#### AIM OF THE TASK:
Print the listing exactly as it stands, and skip any pictures in it.

#### DATA SECTION:
____
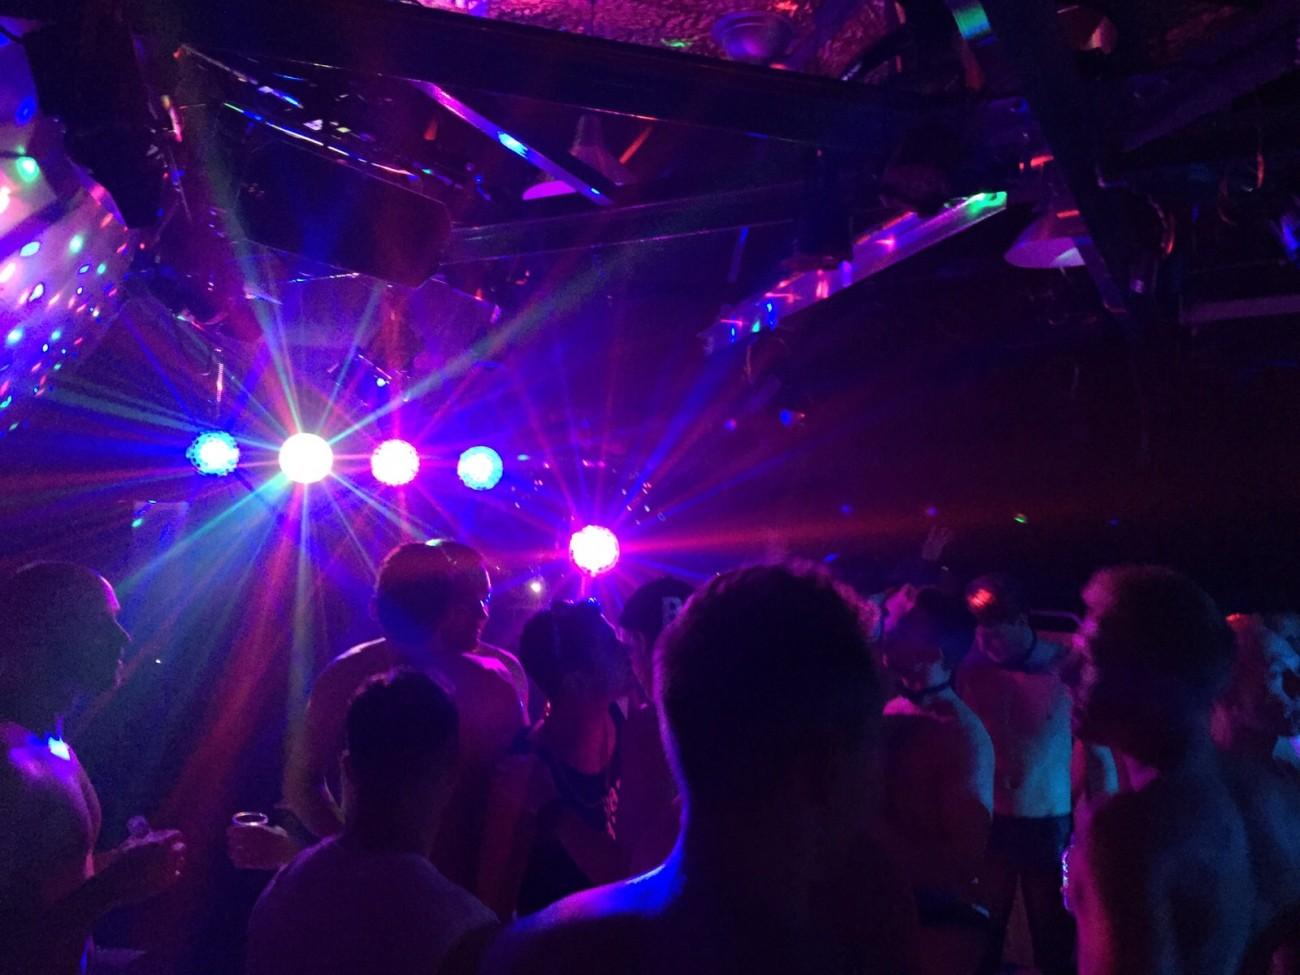 faralda crane hotel amsterdam ndsm best exposure branding music events exclusive private party
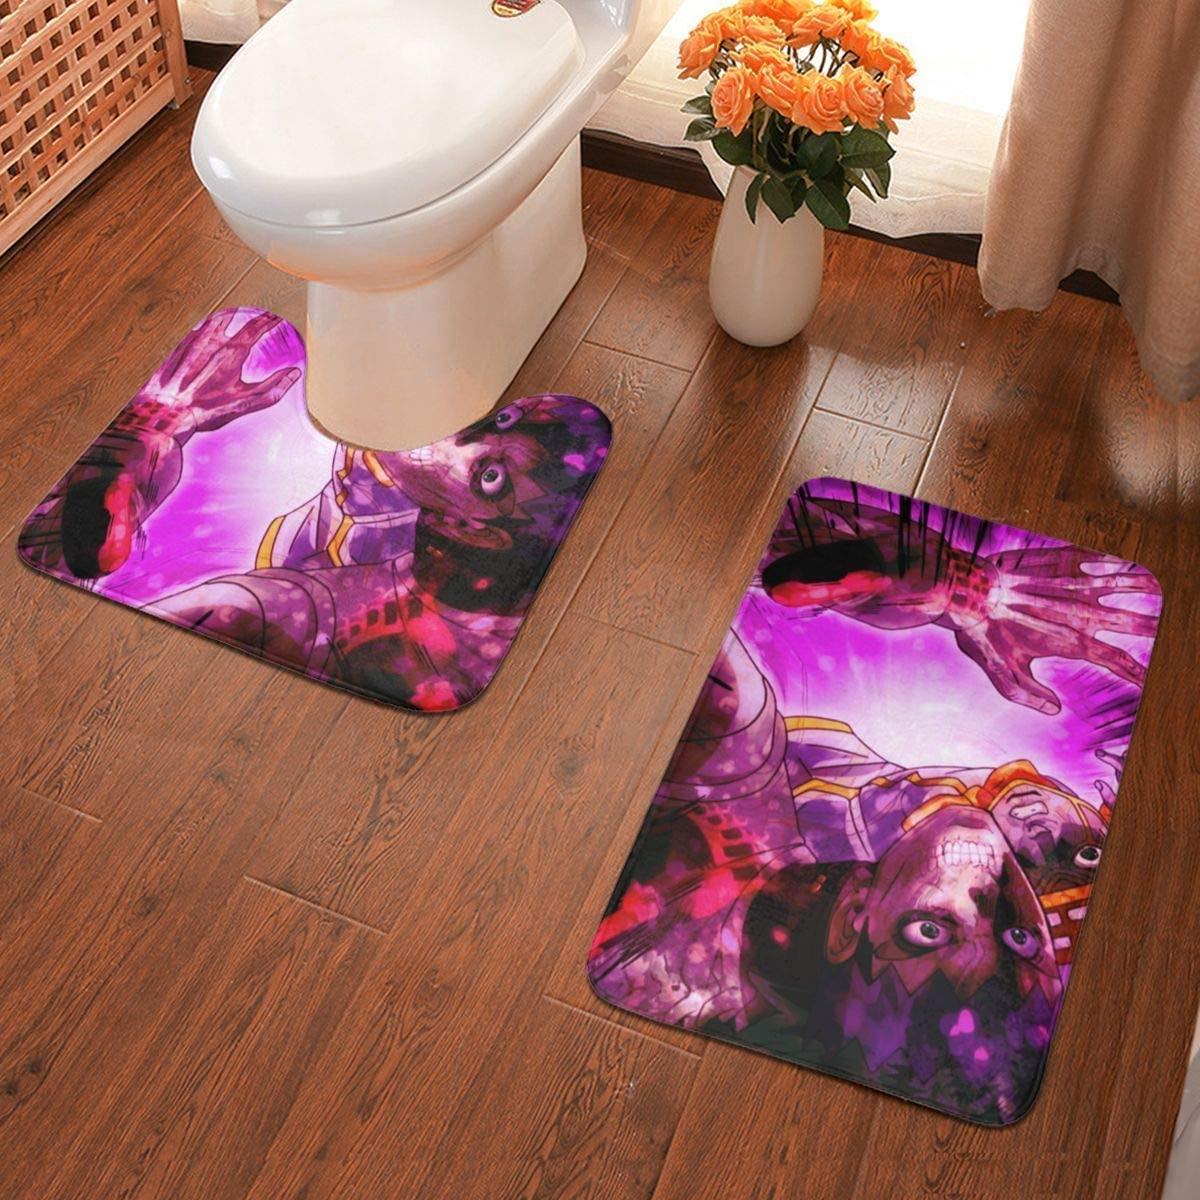 Boweike JoJo's Bizarre Adventure Bathroom Antiskid Pad Non-Slip Bath Carpet Floor Mat Rug 2 Sets -Floor Mat+U-Shaped Pad, Toilet Washable Blanket Mats for Bathroom Home Shower
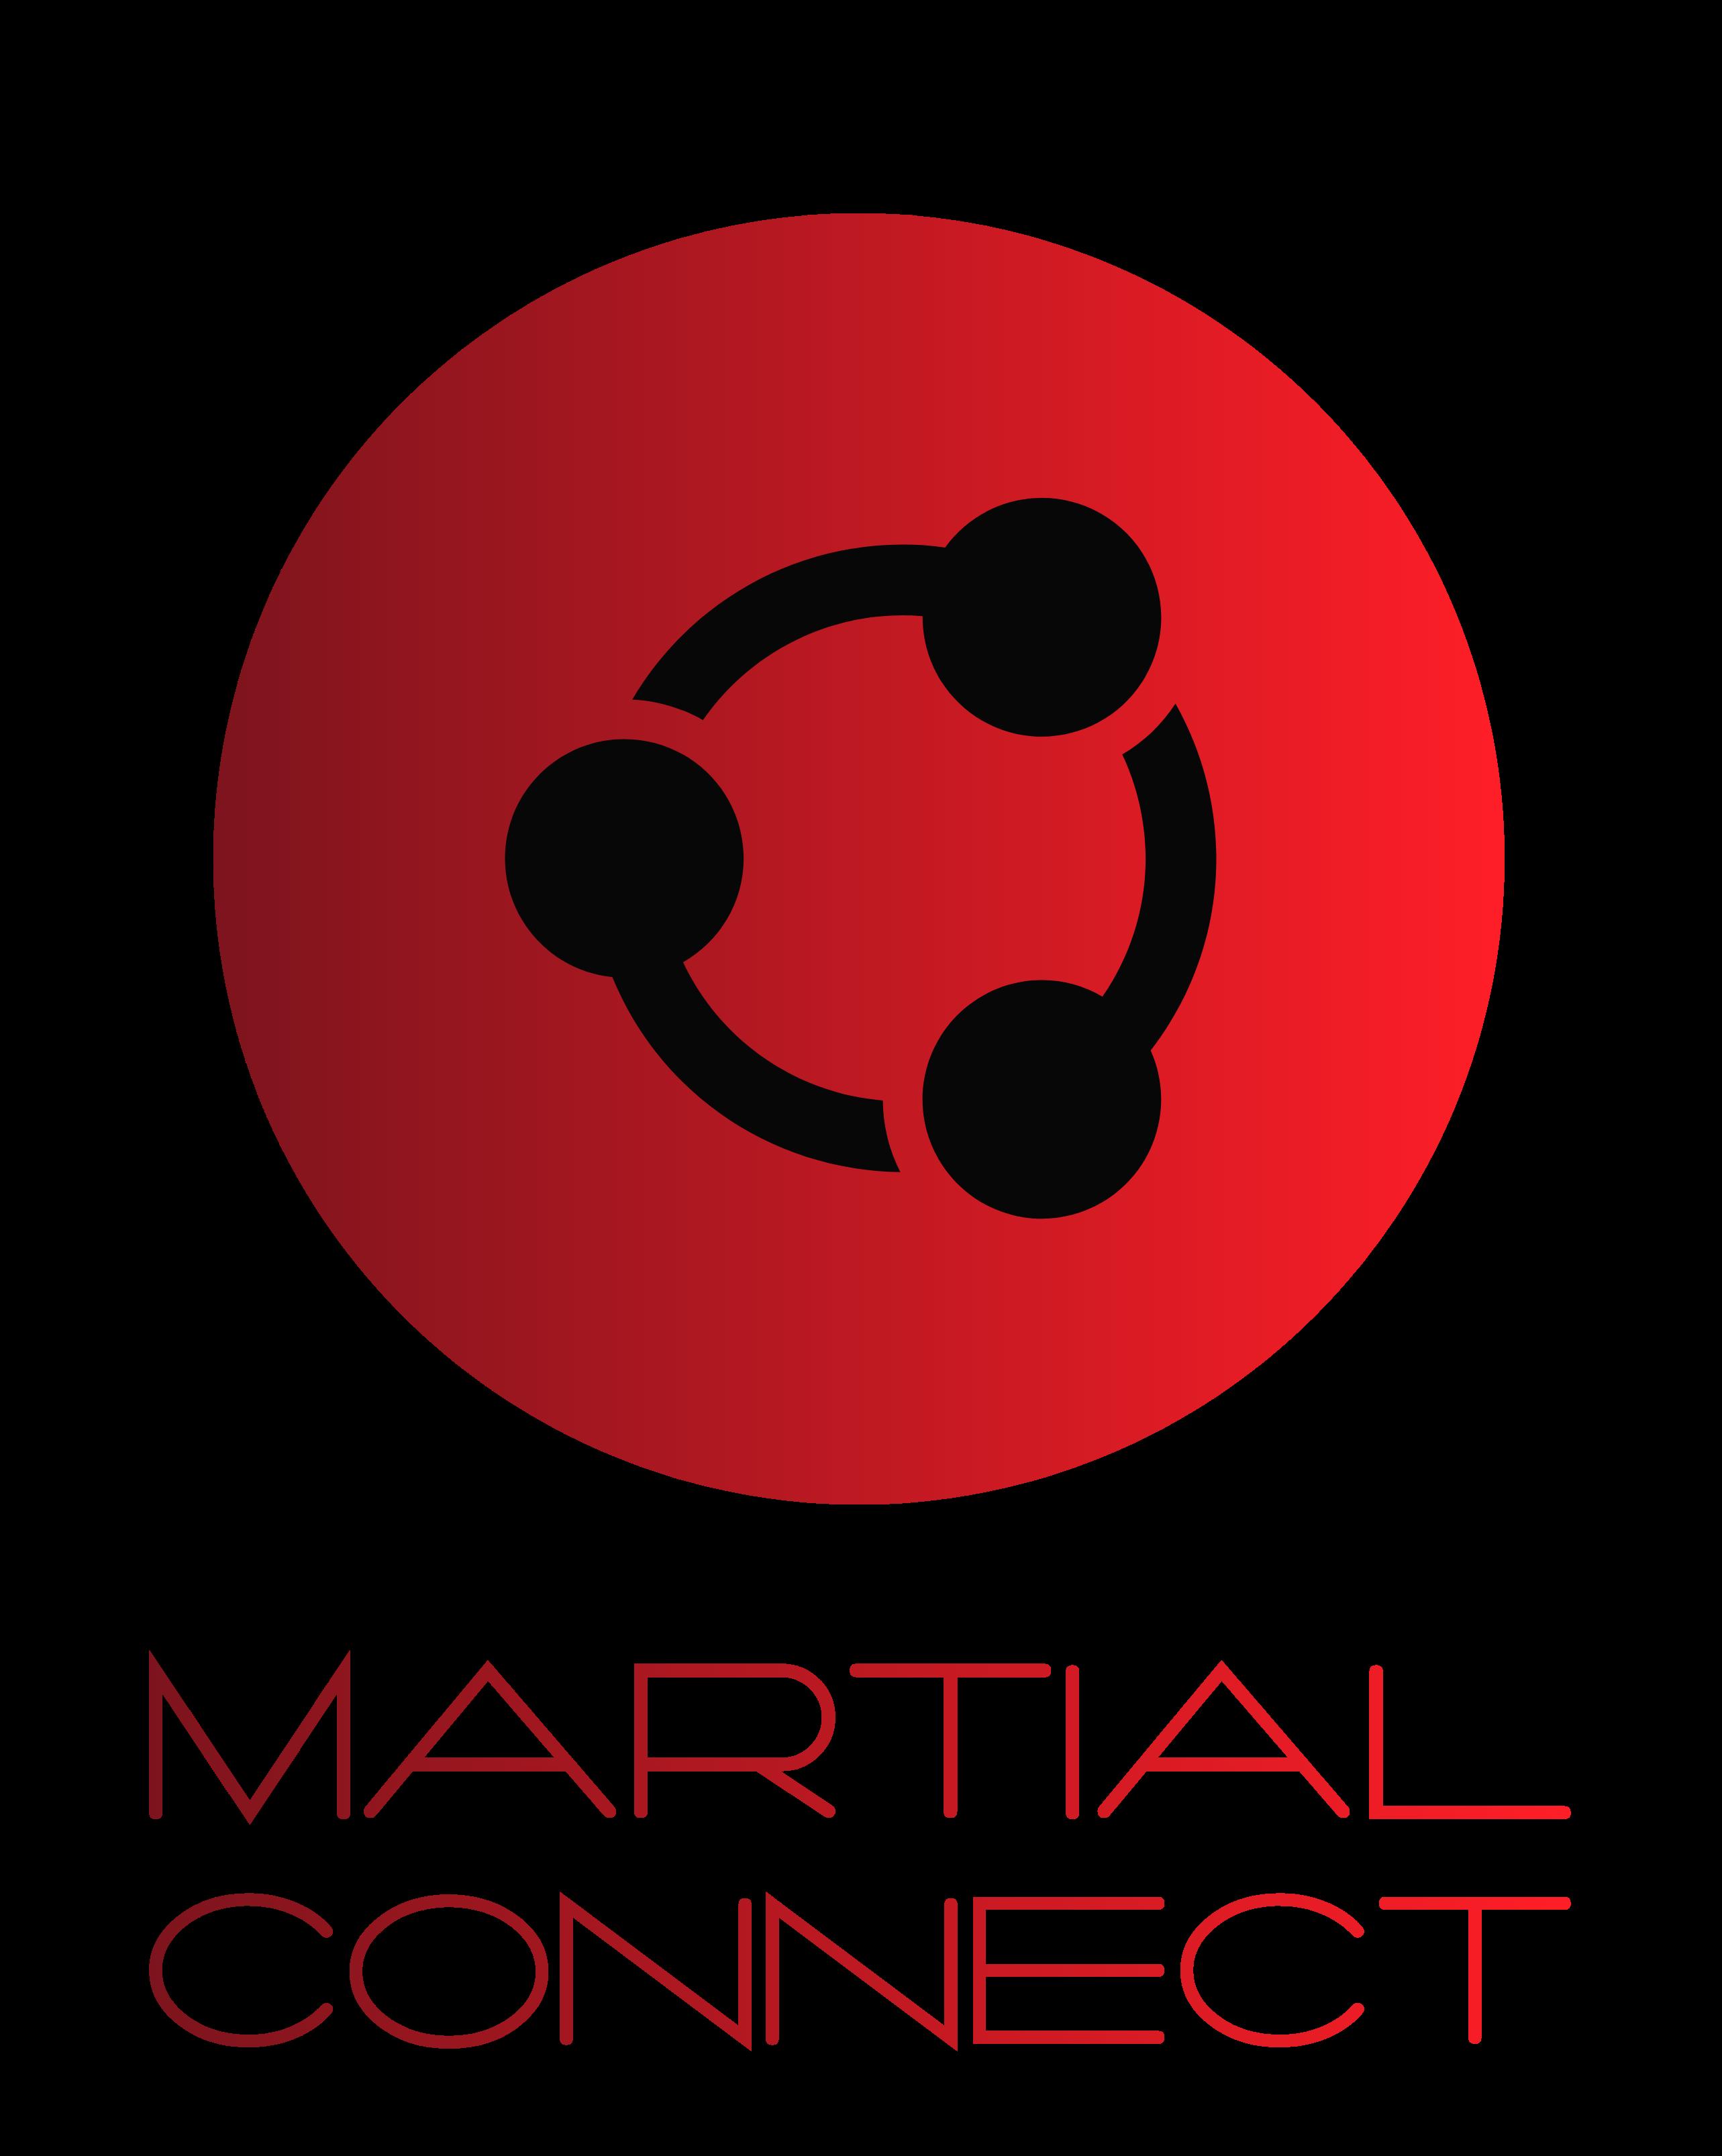 martialconnectred-b8e4a872001cc4f270867059fb22fbe184030c2e633dd8dc662ca5203089cde8 (1)
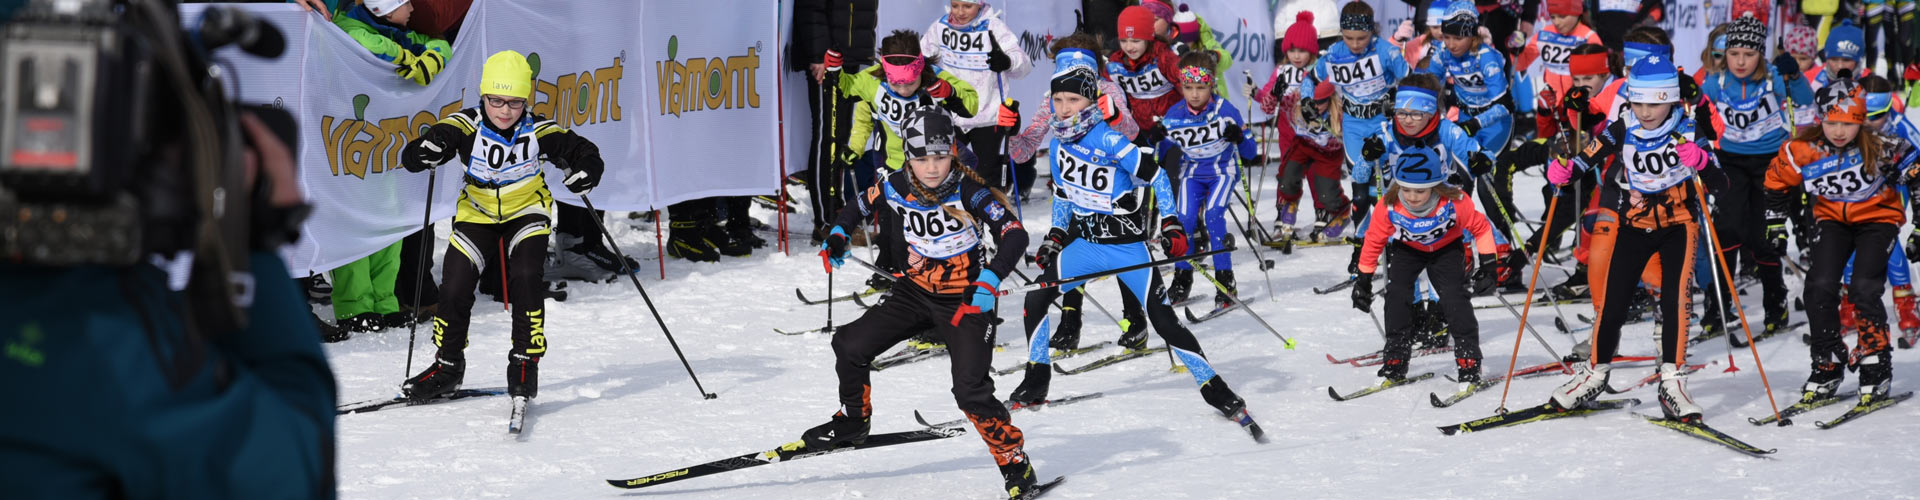 Ski klub Strakonice
____
#### ANSWER SPACE:
 faralda crane hotel amsterdam ndsm best exposure branding music events exclusive private party
 Boweike JoJo's Bizarre Adventure Bathroom Antiskid Pad Non-Slip Bath Carpet Floor Mat Rug 2 Sets -Floor Mat+U-Shaped Pad, Toilet Washable Blanket Mats for Bathroom Home Shower
 martialconnectred-b8e4a872001cc4f270867059fb22fbe184030c2e633dd8dc662ca5203089cde8 (1)
 Ski klub Strakonice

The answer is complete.